(Beginning of EXCERPTED DATA)

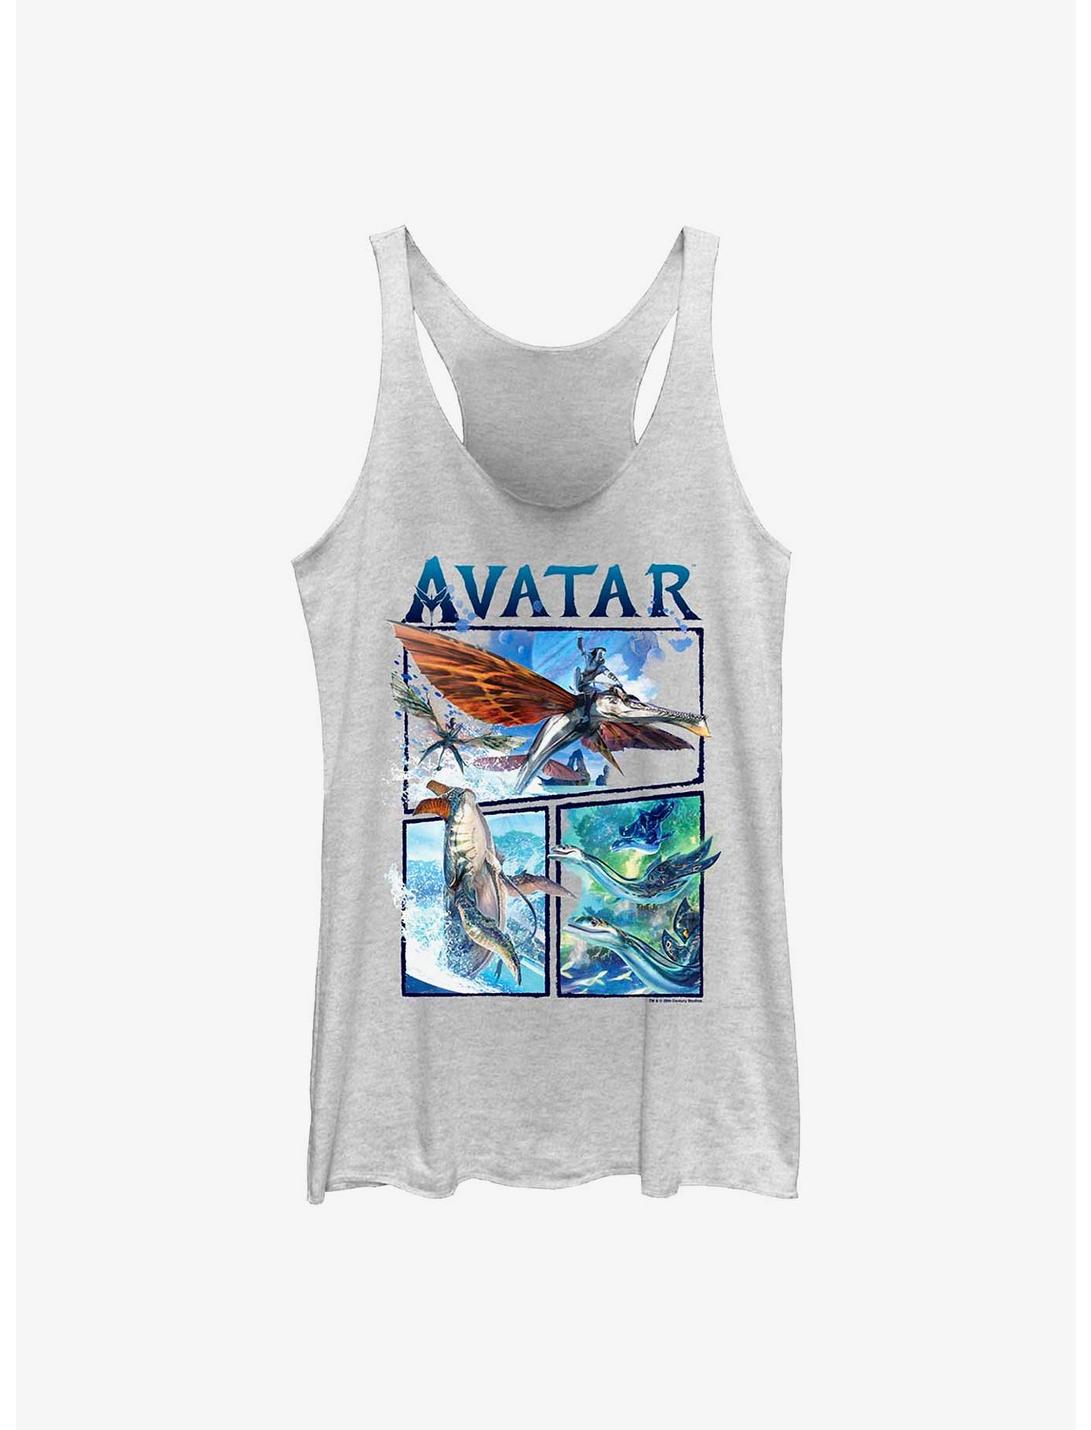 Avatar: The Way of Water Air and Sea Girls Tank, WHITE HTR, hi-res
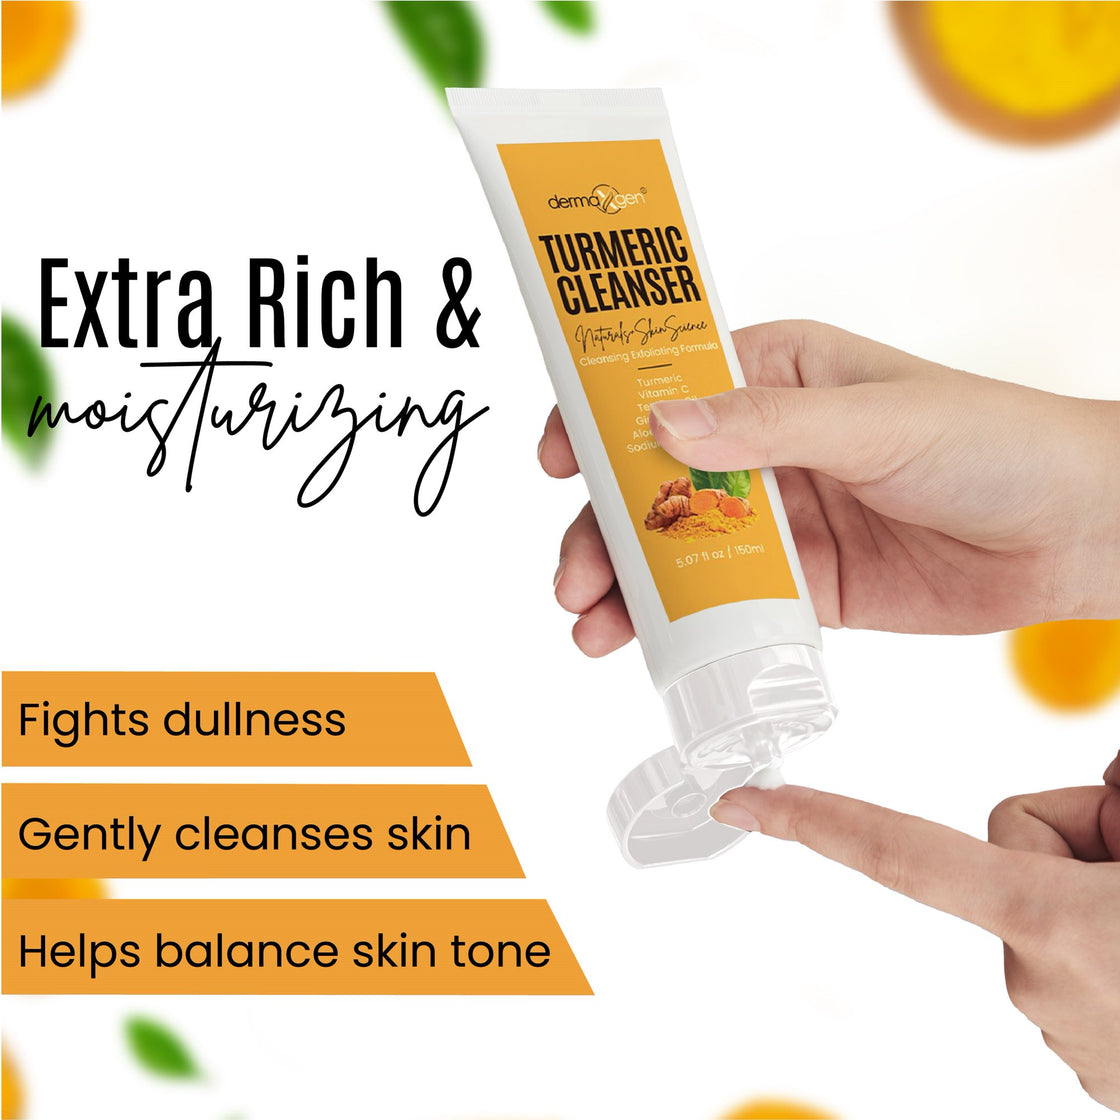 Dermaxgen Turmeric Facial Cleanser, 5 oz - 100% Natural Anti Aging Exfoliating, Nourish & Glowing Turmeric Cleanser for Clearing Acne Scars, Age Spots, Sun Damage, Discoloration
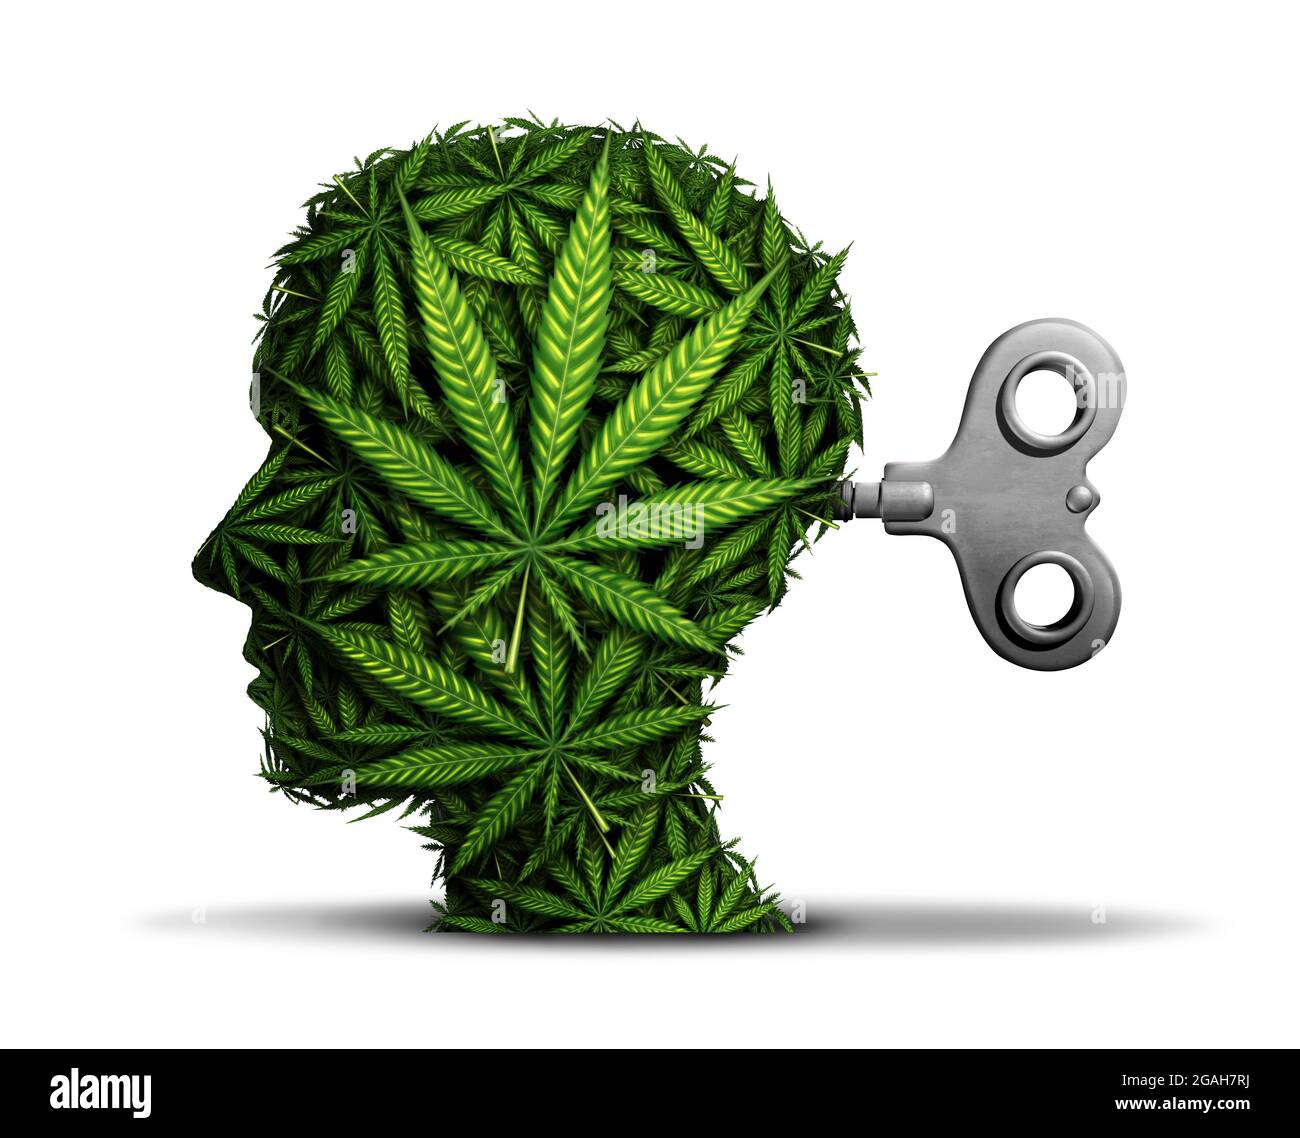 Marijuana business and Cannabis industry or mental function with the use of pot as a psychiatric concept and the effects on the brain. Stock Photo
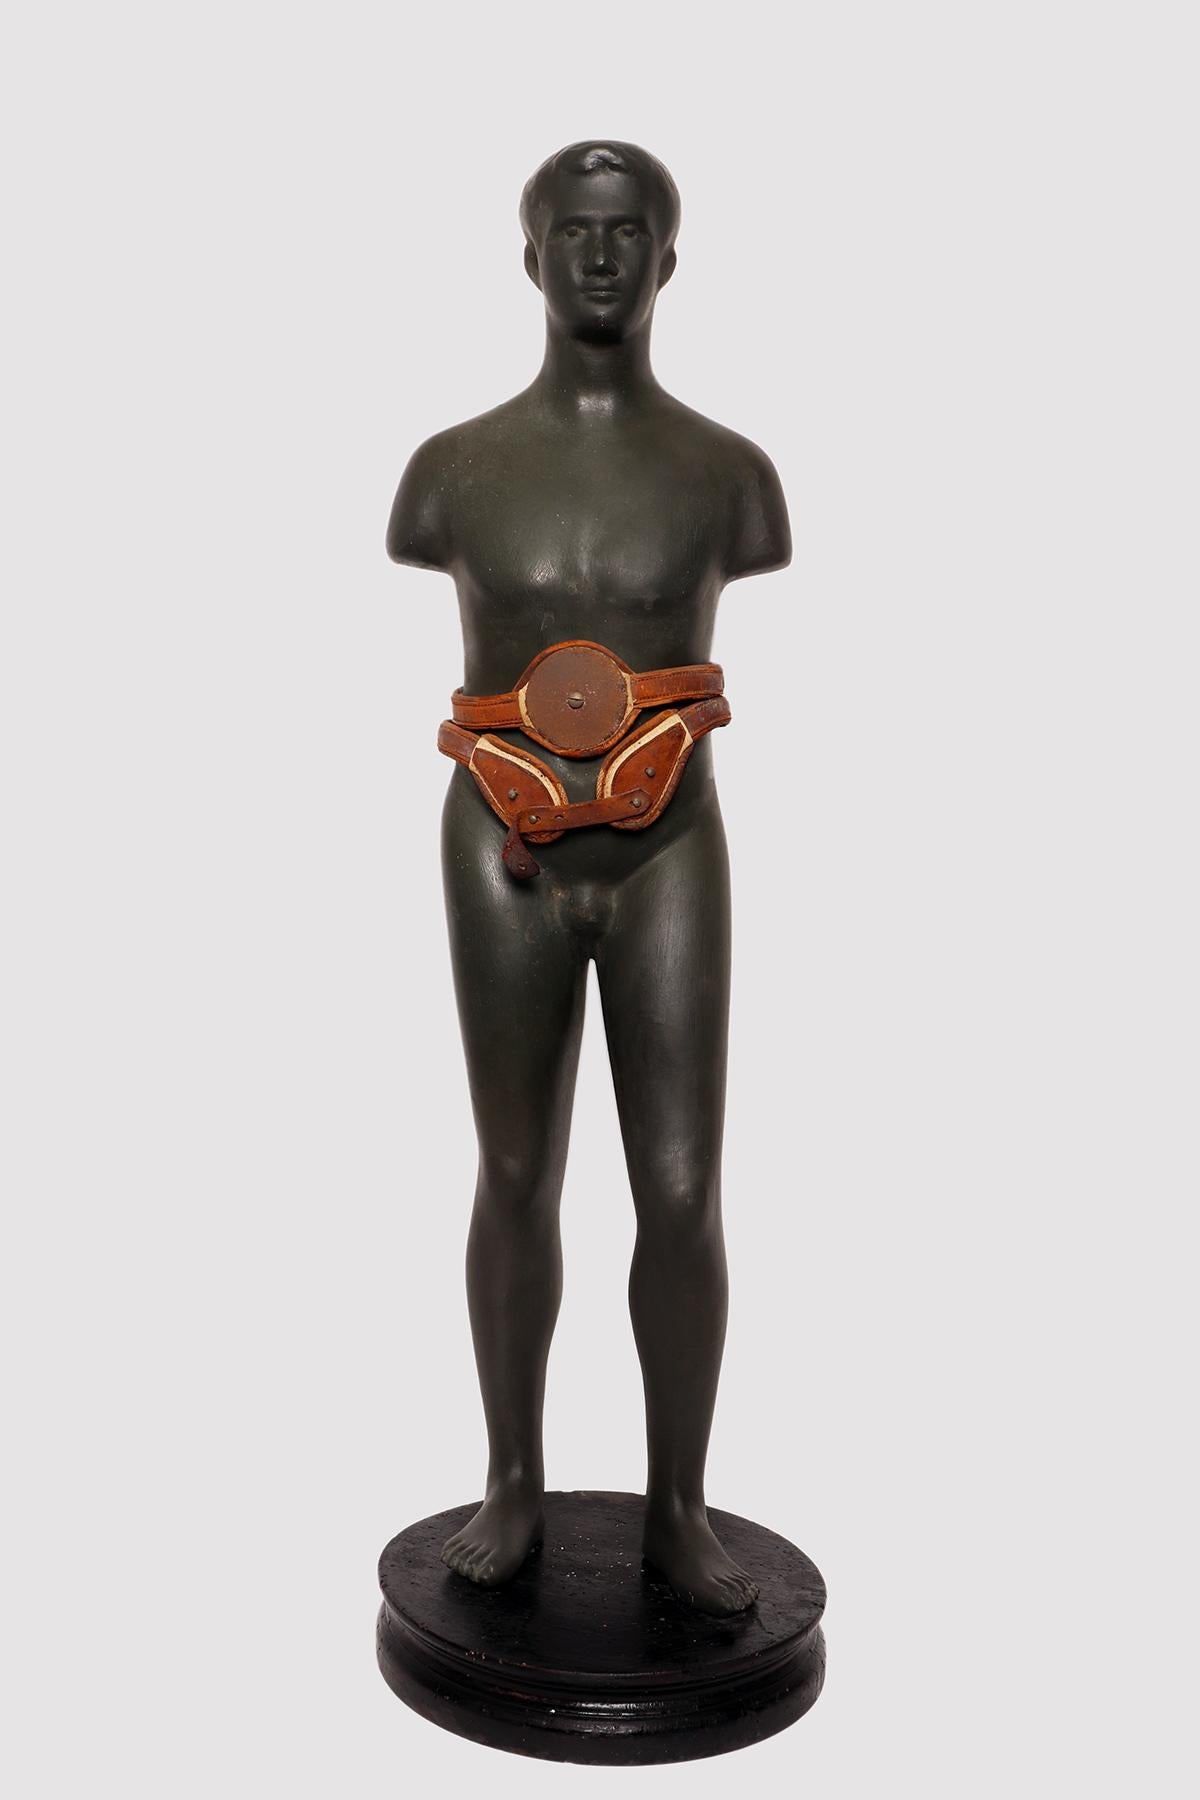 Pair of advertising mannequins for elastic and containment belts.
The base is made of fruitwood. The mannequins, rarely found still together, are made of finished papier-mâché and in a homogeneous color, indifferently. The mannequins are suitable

(End of EXCERPTED DATA)

EXERCISE BRIEF — Each record should be written out exactly, and each image should be omitted.

YOUR SOLUTION —
 Avatar: The Way of Water Air and Sea Girls Tank, WHITE HTR, hi-res
 Dermaxgen Turmeric Facial Cleanser, 5 oz - 100% Natural Anti Aging Exfoliating, Nourish & Glowing Turmeric Cleanser for Clearing Acne Scars, Age Spots, Sun Damage, Discoloration
 Marijuana business and Cannabis industry or mental function with the use of pot as a psychiatric concept and the effects on the brain. Stock Photo
 Pair of advertising mannequins for elastic and containment belts.
The base is made of fruitwood. The mannequins, rarely found still together, are made of finished papier-mâché and in a homogeneous color, indifferently. The mannequins are suitable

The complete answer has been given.